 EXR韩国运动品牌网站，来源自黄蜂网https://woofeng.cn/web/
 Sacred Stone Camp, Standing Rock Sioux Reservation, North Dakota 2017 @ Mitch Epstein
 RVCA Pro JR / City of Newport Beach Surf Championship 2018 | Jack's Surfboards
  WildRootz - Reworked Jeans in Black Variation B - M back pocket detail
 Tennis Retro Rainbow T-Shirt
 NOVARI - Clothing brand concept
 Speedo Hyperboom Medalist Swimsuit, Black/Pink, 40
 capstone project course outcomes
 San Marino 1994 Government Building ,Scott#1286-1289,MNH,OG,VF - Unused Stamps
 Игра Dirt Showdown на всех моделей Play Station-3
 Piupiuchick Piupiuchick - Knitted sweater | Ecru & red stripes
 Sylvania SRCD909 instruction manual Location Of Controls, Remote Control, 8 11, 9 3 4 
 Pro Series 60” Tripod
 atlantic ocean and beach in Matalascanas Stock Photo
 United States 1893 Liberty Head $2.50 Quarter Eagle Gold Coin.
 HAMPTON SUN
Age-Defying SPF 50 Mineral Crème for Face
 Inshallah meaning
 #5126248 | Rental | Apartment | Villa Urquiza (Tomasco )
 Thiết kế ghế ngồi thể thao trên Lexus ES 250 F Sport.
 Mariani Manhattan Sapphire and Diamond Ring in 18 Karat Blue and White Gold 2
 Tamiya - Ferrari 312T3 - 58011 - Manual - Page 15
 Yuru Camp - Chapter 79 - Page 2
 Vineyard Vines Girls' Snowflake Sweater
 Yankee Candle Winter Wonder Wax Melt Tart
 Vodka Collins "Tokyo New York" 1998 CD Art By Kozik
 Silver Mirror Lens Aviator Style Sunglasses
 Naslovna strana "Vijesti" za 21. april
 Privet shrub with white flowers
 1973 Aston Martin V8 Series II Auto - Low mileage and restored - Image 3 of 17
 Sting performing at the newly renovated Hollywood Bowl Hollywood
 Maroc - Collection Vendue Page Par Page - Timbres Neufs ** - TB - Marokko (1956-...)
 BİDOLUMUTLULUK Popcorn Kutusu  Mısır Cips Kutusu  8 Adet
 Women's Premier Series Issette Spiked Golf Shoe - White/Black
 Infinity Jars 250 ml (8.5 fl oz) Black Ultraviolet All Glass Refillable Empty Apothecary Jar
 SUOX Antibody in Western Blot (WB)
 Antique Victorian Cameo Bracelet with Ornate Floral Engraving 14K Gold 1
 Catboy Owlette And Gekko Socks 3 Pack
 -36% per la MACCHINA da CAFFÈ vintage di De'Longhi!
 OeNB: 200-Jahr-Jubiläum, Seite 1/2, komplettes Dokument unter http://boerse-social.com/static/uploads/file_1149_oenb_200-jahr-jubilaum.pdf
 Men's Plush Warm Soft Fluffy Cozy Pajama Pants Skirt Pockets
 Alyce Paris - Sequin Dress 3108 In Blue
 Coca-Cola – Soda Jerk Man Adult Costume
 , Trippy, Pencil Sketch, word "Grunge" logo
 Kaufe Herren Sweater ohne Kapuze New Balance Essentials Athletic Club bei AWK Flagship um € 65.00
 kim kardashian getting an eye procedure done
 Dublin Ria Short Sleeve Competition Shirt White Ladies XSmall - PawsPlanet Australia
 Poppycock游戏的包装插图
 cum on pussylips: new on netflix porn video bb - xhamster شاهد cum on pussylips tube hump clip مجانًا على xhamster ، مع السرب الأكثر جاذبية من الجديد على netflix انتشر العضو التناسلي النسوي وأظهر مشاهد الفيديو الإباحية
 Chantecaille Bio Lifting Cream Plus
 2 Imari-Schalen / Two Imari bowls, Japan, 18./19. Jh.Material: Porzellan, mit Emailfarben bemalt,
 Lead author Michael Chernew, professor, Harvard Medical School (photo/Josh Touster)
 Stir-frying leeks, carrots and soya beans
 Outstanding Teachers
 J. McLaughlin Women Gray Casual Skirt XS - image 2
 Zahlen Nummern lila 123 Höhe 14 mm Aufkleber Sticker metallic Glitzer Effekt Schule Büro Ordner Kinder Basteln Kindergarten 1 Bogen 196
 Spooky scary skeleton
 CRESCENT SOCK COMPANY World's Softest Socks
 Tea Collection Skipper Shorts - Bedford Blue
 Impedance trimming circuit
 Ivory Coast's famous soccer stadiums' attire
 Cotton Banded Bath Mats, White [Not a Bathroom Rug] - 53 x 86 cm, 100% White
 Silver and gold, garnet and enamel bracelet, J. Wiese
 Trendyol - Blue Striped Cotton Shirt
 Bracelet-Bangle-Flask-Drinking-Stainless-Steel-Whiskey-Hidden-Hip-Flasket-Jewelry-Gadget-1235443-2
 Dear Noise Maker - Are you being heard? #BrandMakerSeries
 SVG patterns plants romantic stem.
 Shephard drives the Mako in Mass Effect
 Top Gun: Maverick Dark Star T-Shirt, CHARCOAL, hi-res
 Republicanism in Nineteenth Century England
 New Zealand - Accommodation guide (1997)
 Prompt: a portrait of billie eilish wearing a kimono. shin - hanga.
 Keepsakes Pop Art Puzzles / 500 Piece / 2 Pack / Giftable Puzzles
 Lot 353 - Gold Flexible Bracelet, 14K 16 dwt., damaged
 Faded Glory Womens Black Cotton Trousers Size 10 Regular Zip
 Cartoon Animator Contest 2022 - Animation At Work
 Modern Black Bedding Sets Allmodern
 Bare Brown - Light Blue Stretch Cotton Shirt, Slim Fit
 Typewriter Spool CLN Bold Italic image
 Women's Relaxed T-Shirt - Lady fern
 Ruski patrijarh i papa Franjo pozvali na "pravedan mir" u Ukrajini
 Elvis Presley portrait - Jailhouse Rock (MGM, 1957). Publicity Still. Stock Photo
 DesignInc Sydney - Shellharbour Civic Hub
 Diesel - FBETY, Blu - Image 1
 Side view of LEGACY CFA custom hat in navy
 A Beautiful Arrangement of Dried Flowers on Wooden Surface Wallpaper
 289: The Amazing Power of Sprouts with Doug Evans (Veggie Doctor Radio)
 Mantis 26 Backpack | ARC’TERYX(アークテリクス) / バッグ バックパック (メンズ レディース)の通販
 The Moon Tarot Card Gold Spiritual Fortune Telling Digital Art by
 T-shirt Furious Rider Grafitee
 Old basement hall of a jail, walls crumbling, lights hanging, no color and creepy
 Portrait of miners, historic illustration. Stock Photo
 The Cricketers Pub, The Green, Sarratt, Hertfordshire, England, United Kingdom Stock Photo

┄┄┄┄┄┄

> [Activity]: Go through the material above and output exactly the lines from the one containing "Stir-frying leeks, carrots and soya beans" through the one containing "Silver and gold, garnet".

> [Result of the exercise]:
 Stir-frying leeks, carrots and soya beans
 Outstanding Teachers
 J. McLaughlin Women Gray Casual Skirt XS - image 2
 Zahlen Nummern lila 123 Höhe 14 mm Aufkleber Sticker metallic Glitzer Effekt Schule Büro Ordner Kinder Basteln Kindergarten 1 Bogen 196
 Spooky scary skeleton
 CRESCENT SOCK COMPANY World's Softest Socks
 Tea Collection Skipper Shorts - Bedford Blue
 Impedance trimming circuit
 Ivory Coast's famous soccer stadiums' attire
 Cotton Banded Bath Mats, White [Not a Bathroom Rug] - 53 x 86 cm, 100% White
 Silver and gold, garnet and enamel bracelet, J. Wiese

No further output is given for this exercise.